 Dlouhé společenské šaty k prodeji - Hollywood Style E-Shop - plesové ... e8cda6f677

--

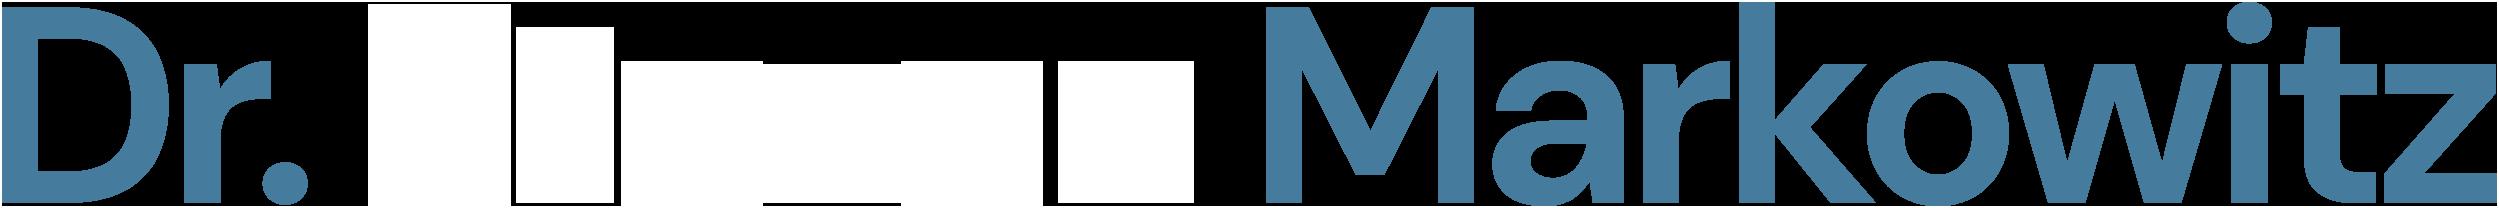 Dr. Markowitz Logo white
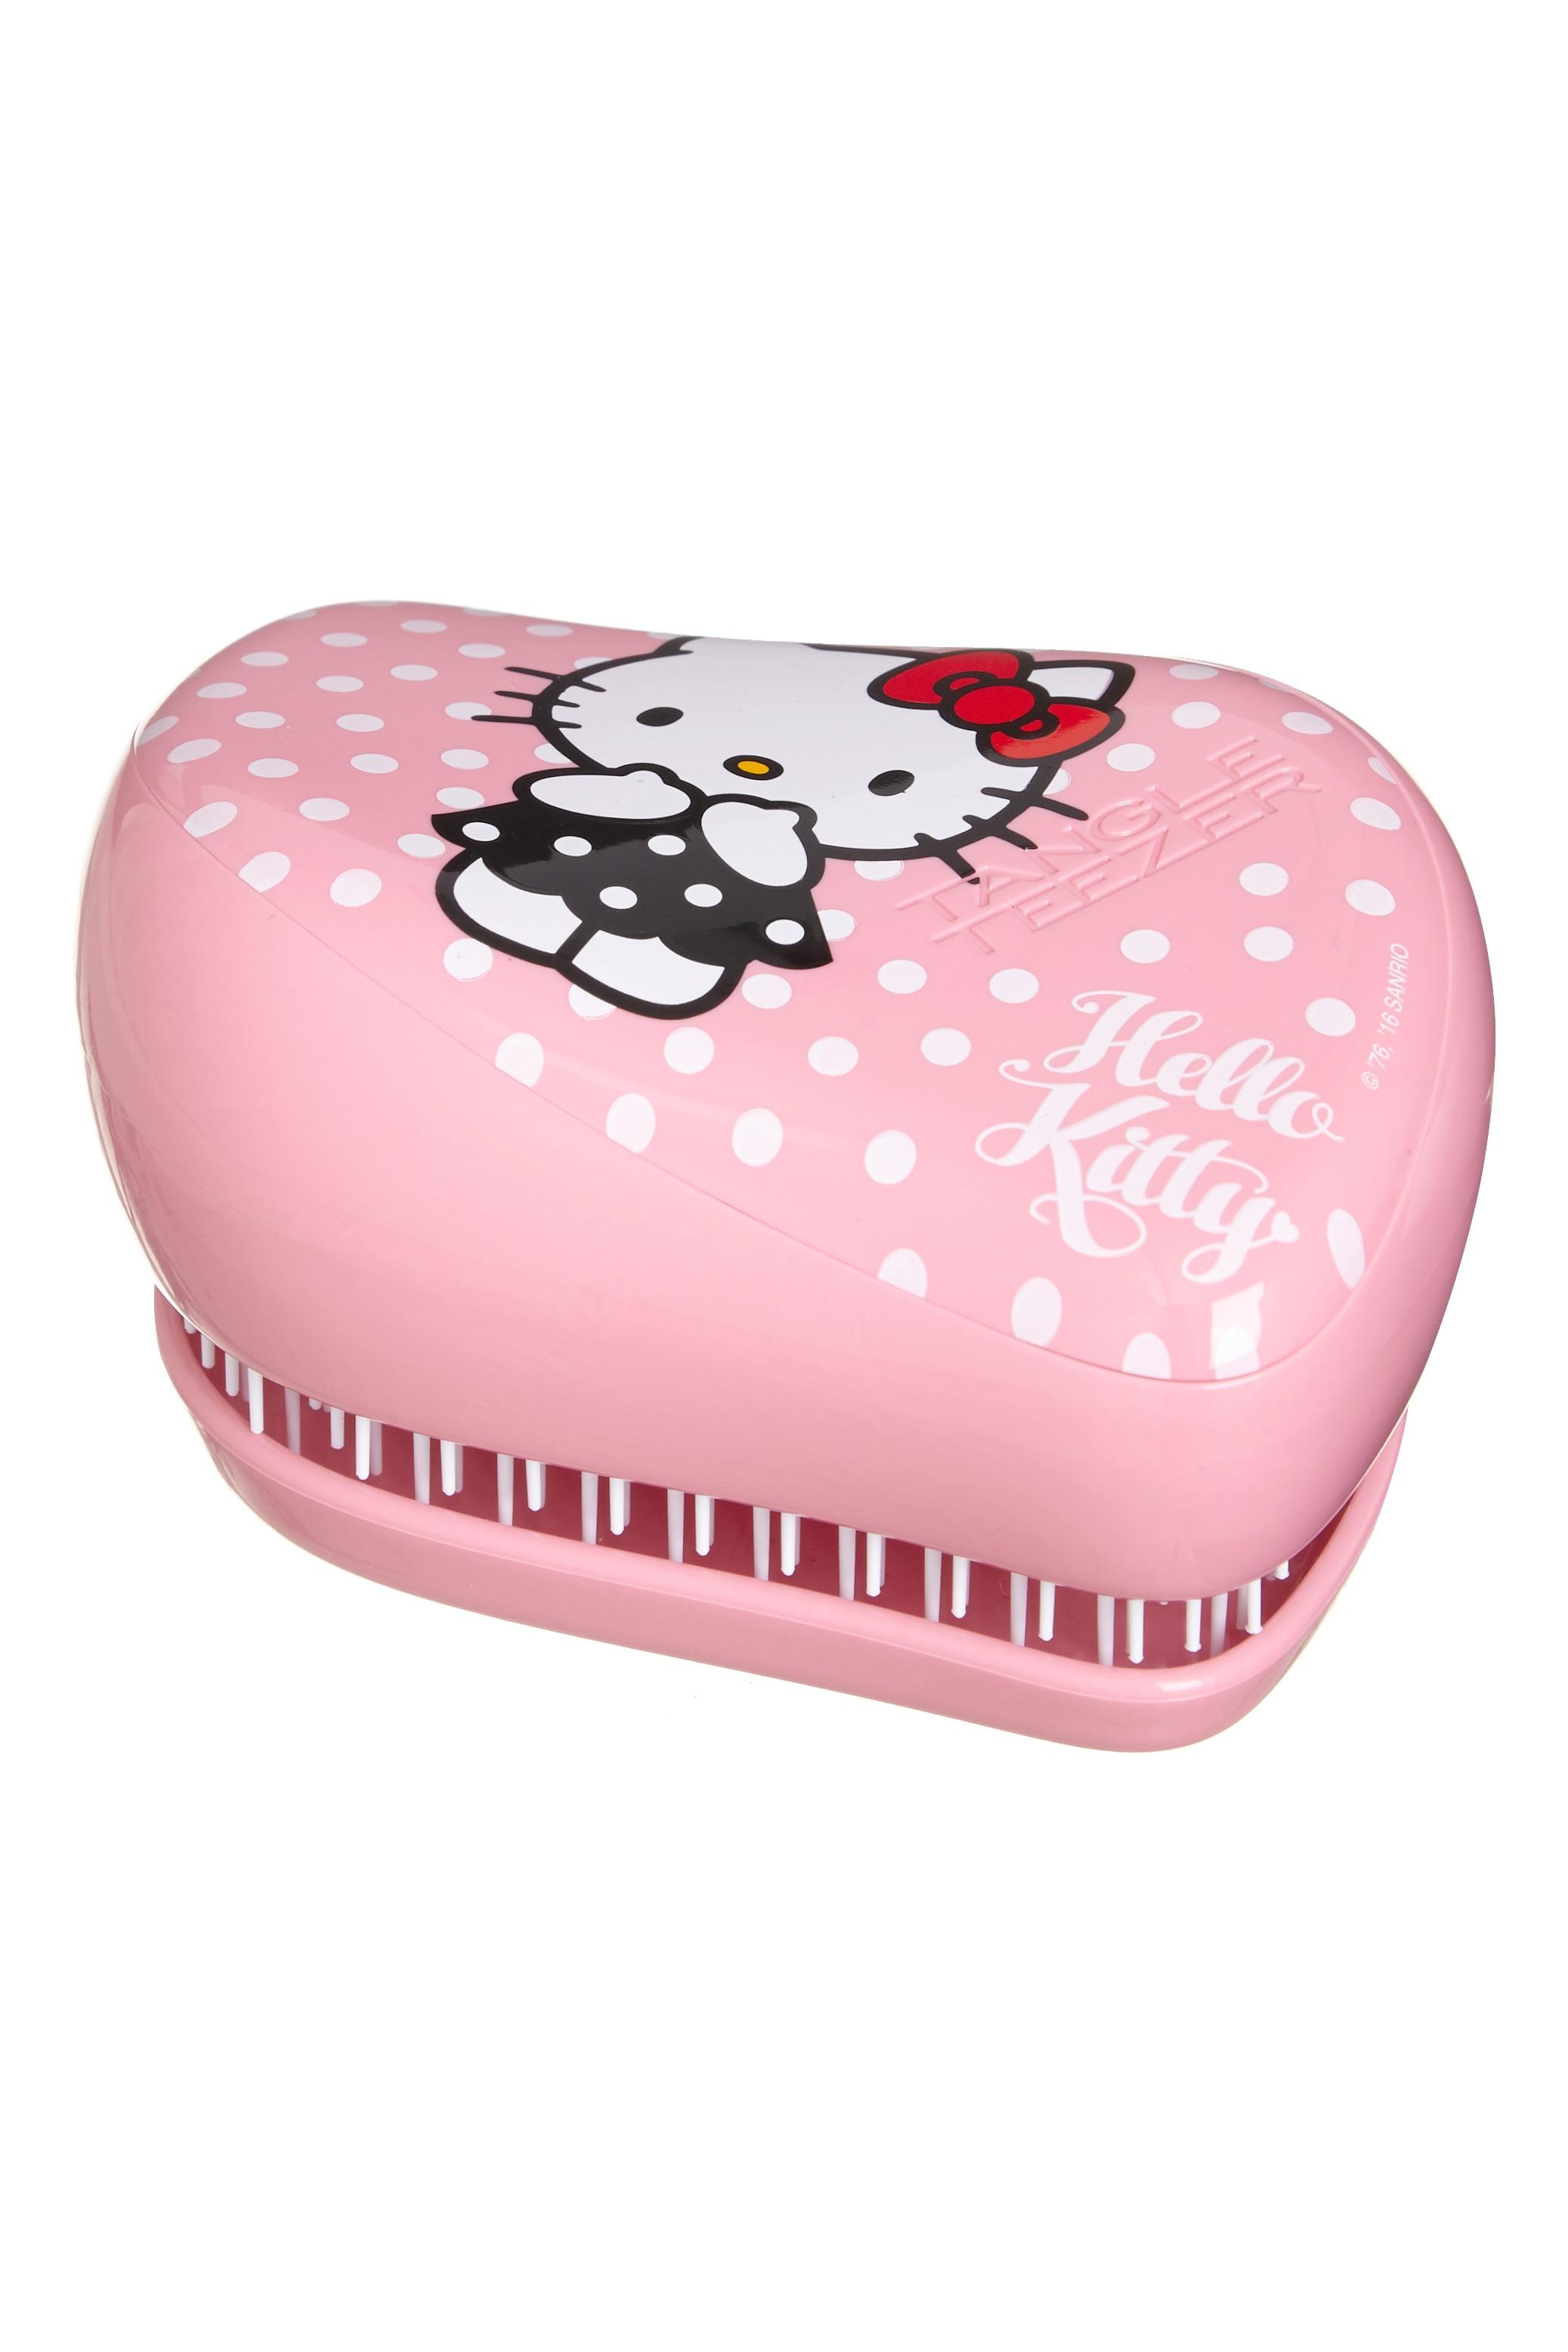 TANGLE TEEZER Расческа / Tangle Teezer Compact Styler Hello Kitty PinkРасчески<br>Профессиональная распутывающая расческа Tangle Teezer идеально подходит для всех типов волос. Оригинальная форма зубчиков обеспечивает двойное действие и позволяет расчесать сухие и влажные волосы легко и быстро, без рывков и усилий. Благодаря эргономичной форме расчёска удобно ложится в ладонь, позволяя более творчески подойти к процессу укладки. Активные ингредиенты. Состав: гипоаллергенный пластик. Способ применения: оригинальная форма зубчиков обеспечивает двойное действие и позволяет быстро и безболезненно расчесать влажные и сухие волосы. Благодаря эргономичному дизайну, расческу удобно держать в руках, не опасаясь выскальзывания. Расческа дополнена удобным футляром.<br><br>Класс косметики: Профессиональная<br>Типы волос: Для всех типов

How to complete this task:
Your answer must be the exact lines from the records above, from the one containing "Dr. Markowitz Logo white" through the one containing "TANGLE TEEZER Расческа", both included, with every picture left out.

The completed task:
 Dr. Markowitz Logo white
 TANGLE TEEZER Расческа / Tangle Teezer Compact Styler Hello Kitty PinkРасчески<br>Профессиональная распутывающая расческа Tangle Teezer идеально подходит для всех типов волос. Оригинальная форма зубчиков обеспечивает двойное действие и позволяет расчесать сухие и влажные волосы легко и быстро, без рывков и усилий. Благодаря эргономичной форме расчёска удобно ложится в ладонь, позволяя более творчески подойти к процессу укладки. Активные ингредиенты. Состав: гипоаллергенный пластик. Способ применения: оригинальная форма зубчиков обеспечивает двойное действие и позволяет быстро и безболезненно расчесать влажные и сухие волосы. Благодаря эргономичному дизайну, расческу удобно держать в руках, не опасаясь выскальзывания. Расческа дополнена удобным футляром.<br><br>Класс косметики: Профессиональная<br>Типы волос: Для всех типов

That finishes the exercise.